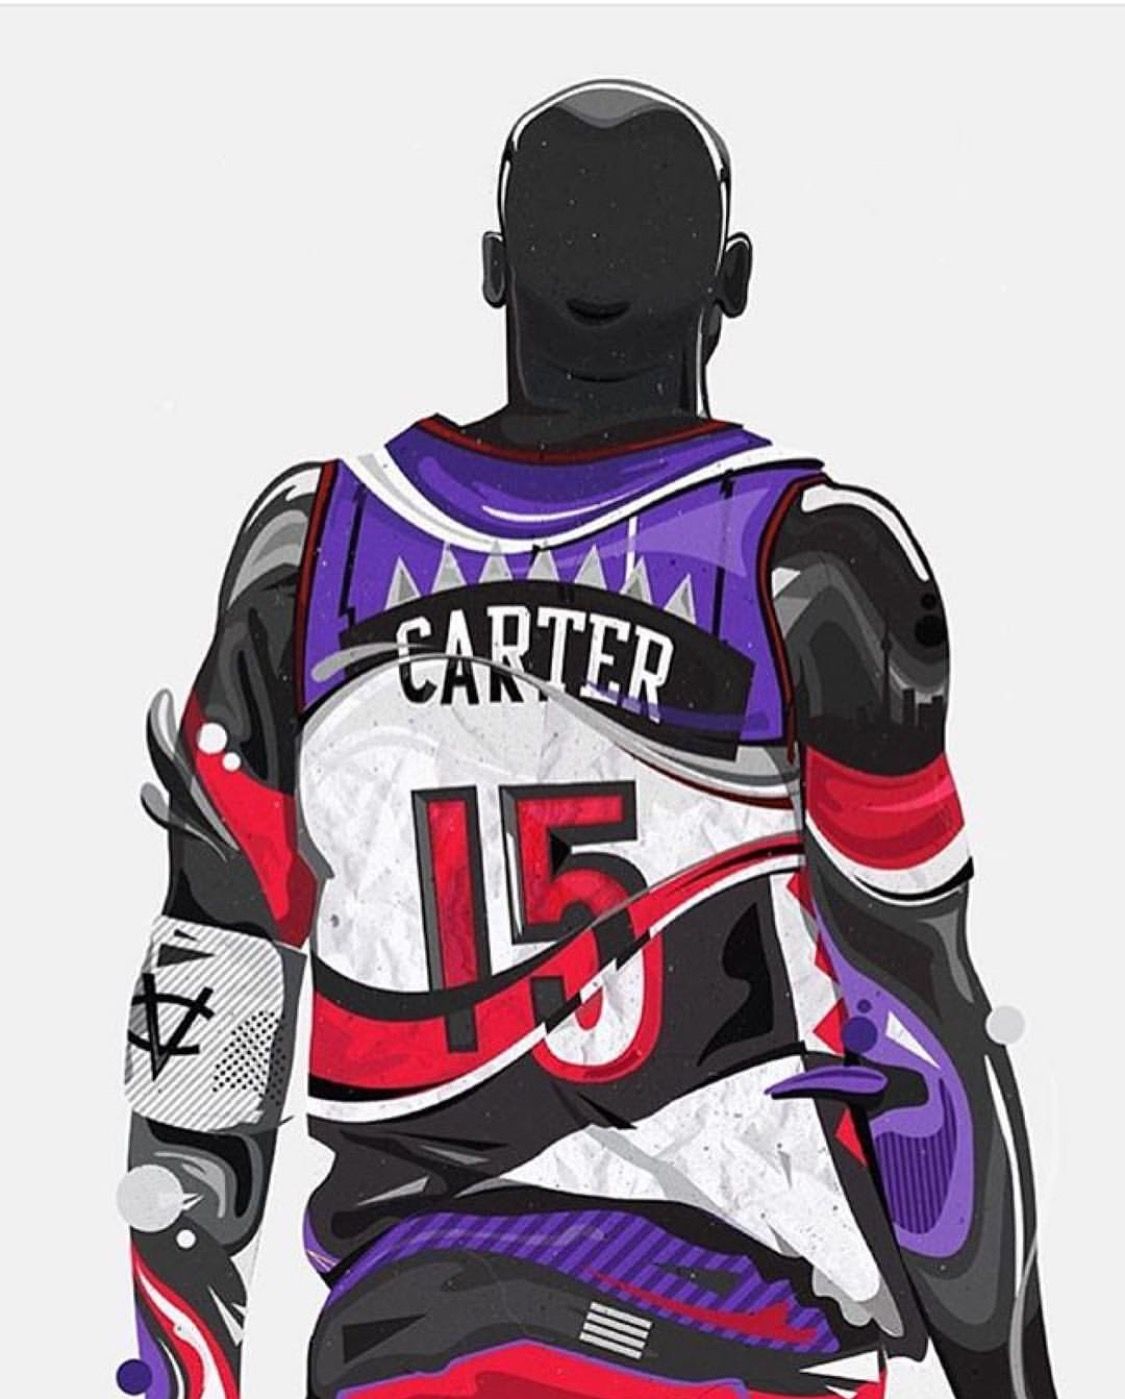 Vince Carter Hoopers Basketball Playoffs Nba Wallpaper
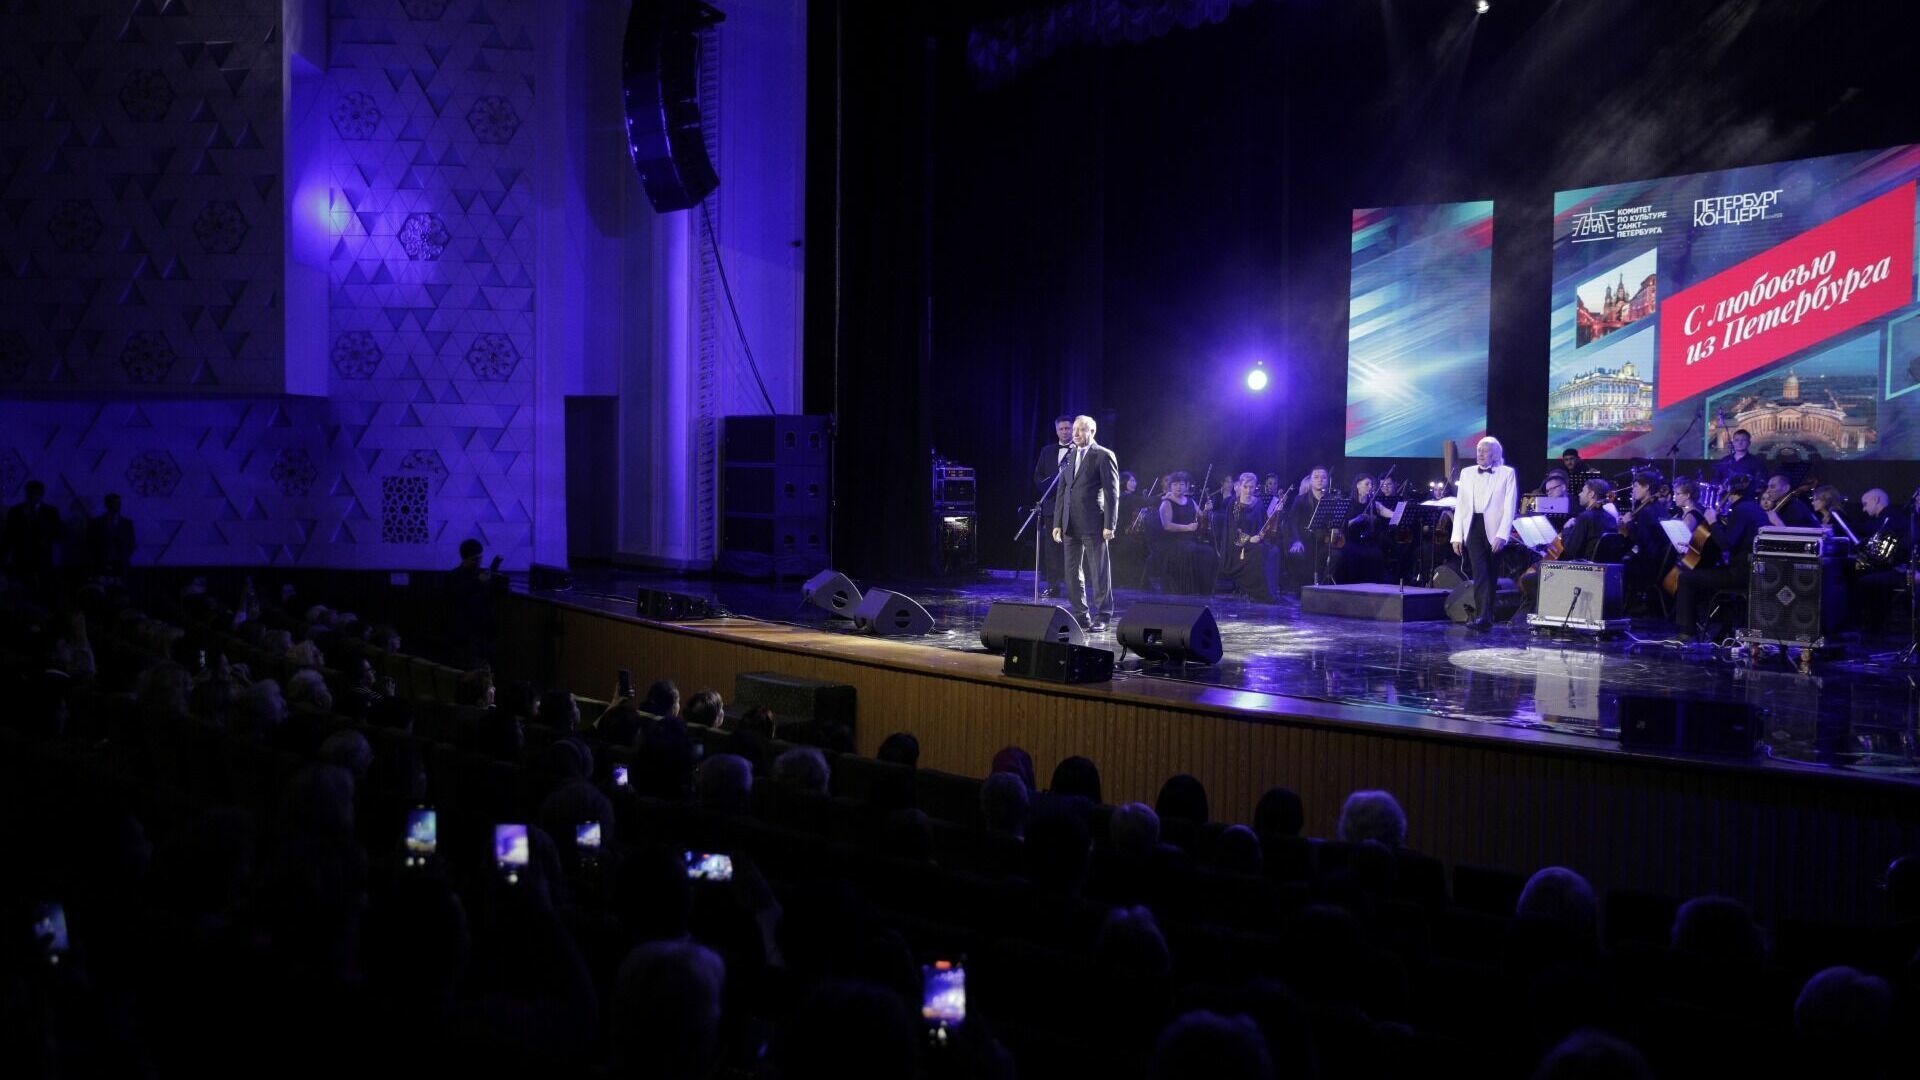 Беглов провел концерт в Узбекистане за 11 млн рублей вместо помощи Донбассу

---

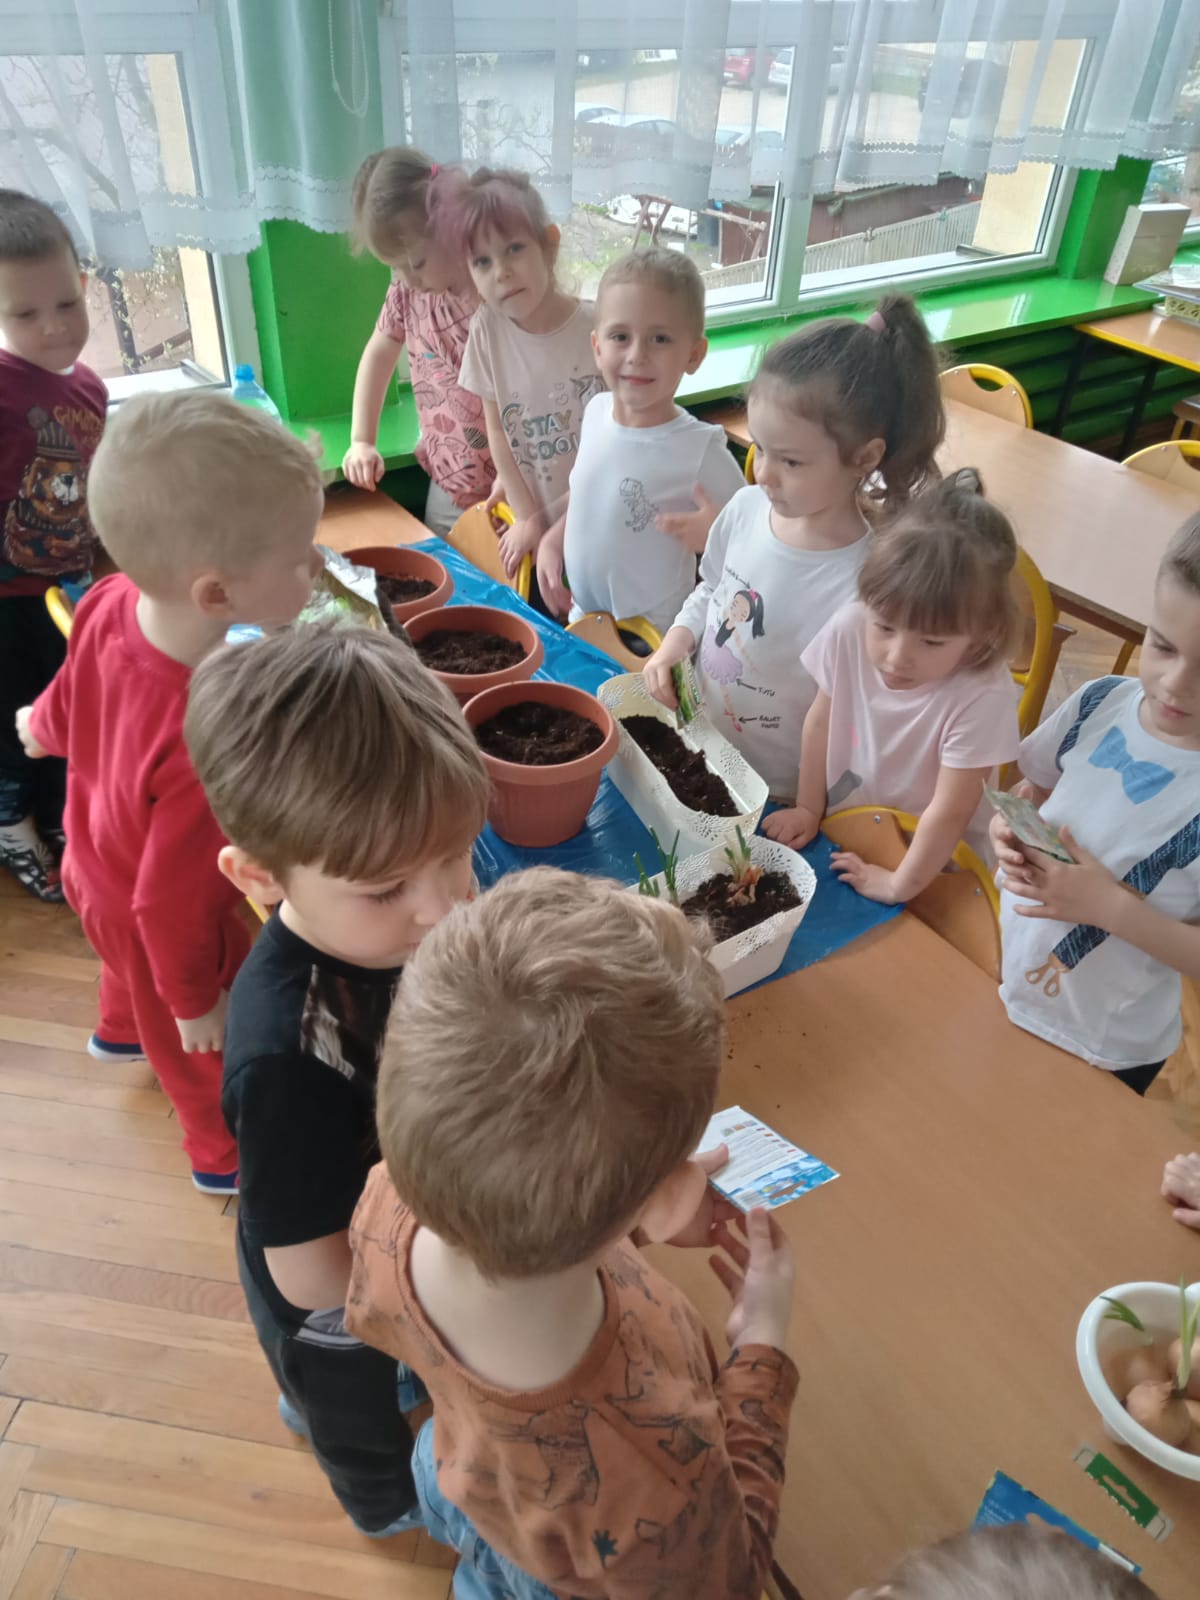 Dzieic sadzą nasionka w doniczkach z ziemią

### Activity
From the listing above, please give again the lines that begin with the line holding "Vince Carter Hoopers" and go on through the line holding "Беглов провел концерт", exactly, both ends included, minus any picture.

### Written solution
 Vince Carter Hoopers Basketball Playoffs Nba Wallpaper
 Беглов провел концерт в Узбекистане за 11 млн рублей вместо помощи Донбассу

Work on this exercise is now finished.